As some may have noticed, this blog also shows the RSS feed of the RibTools project.. commits comments say little but are certainly more frequent than blog posts.
Twitter to me also seems like version control commit comments. I sort of use it that way, makes sense. I also like the fact that unlike instant messengers it doesn't have to be instantaneous, so it's not as distracting (though it's public by default 8)
Anyway, as of the commit #123, RibRender supports Larrabee native instructions using the public native instructions prototype include file.
I use the LRB native instructions (LRBni) very much like SSE instructions.. in fact they are often interchangeable !
The key to a simple port was first writing this VecN class template that defines a statically-sized vector.
When compiling for SSE, VecN has a template specialization for size 4 (4 floats) and when compiling for LRBni, VecN has a specialization for 16 floats.
The math library also defines a VecSIMDf to be either 4-floats or 16-floats depending on what is "native".
The renderer/shader portion of the code then will simply use VecSIMDf, and process data in chunks of appropriate size.
A VecSIMDf is actually seen as a scalar, and a Vec3xSIMDf is what one would consider a 3D vector.

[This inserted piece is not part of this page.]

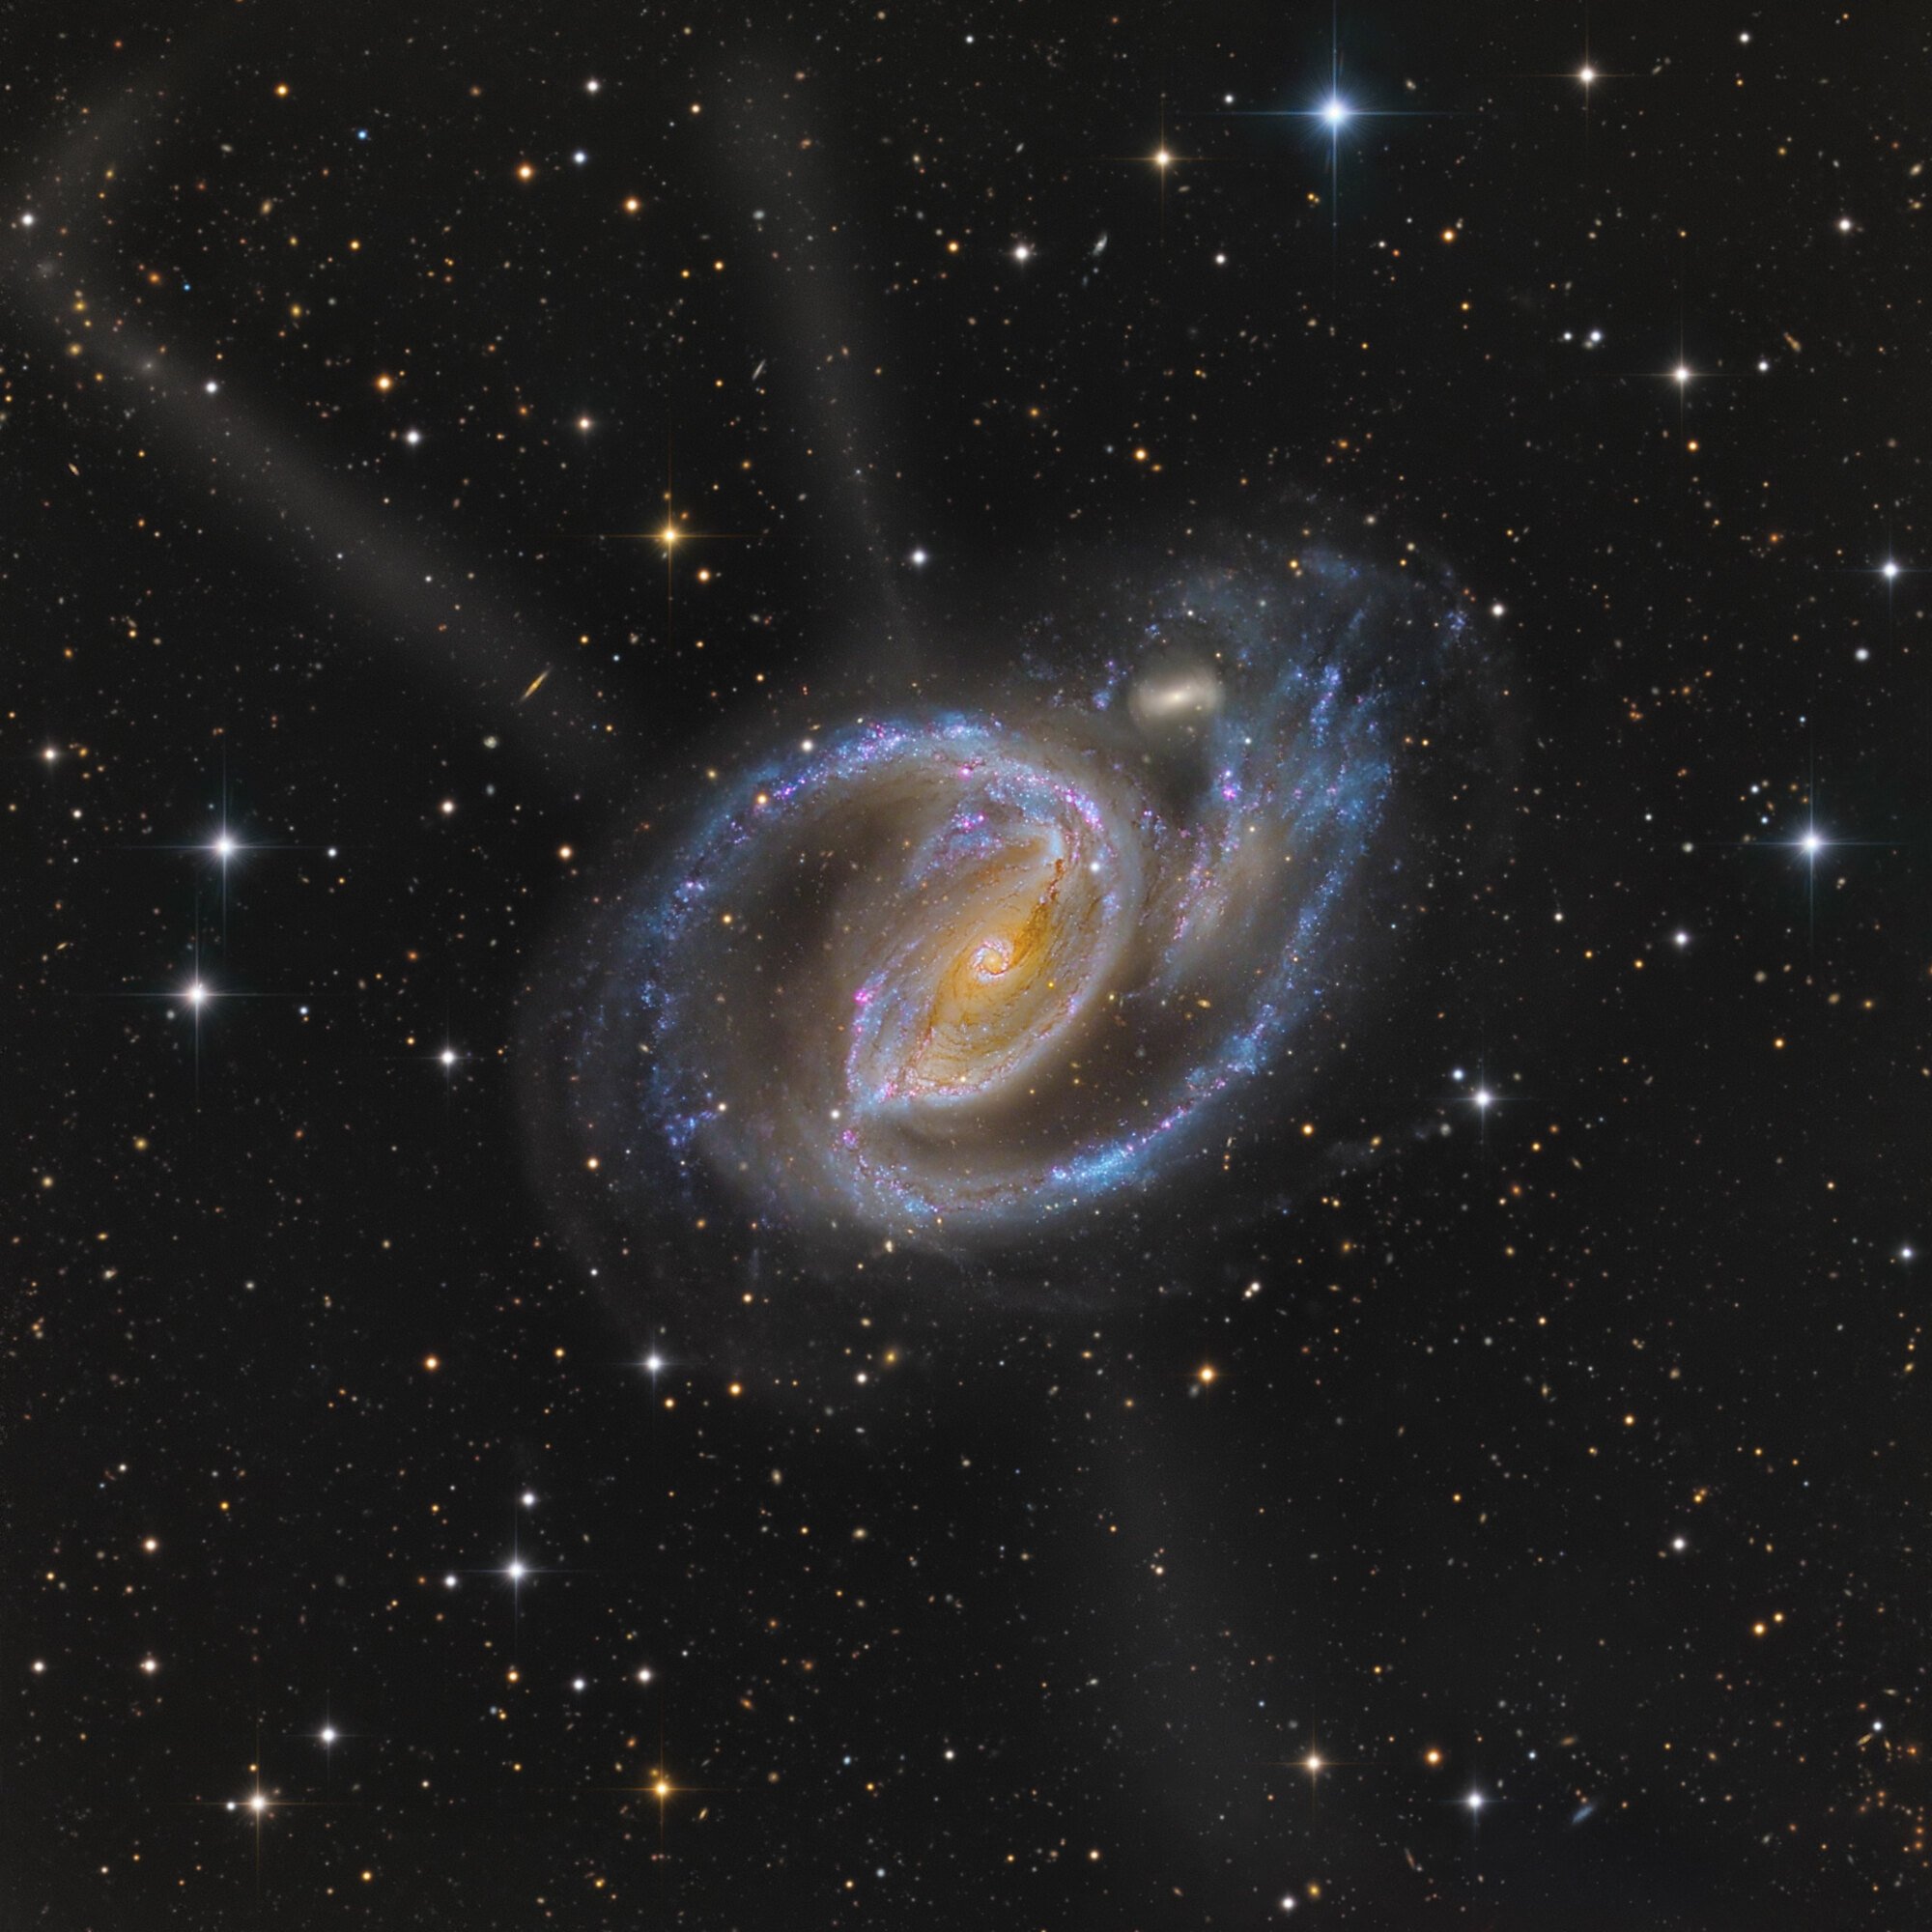 A spiral galaxy viewed in space.

In fact, the shader has its types defined as such:
Right now I can just change a define and decide to compile either plain C++ (thought the compiler may add SSE instructions of its own), SSE or LRNni.
I did a few tests and, unsurprisingly, SSE is the fastest by far.
The test is rendering a teapot at full screen (1600x1200 minus my right side task bar), and here are the results.
|Test Type||Seconds||VecSIMDf Format|
|NO-SSE 1||8.51||plain float v|
|NO-SSE 4||7.735||plain float v|
|NO-SSE 16||11.845||plain float v|
|SSE||1.355||128 bit register|
|LRBni-SSE||21.705||512 bit reg (simulated with SSE)|
|LRBni-C code||25.045||512 bit reg (simulated with plain C++)|
..ummummm still more places can be optimized. But for now I should switch to work on light shaders.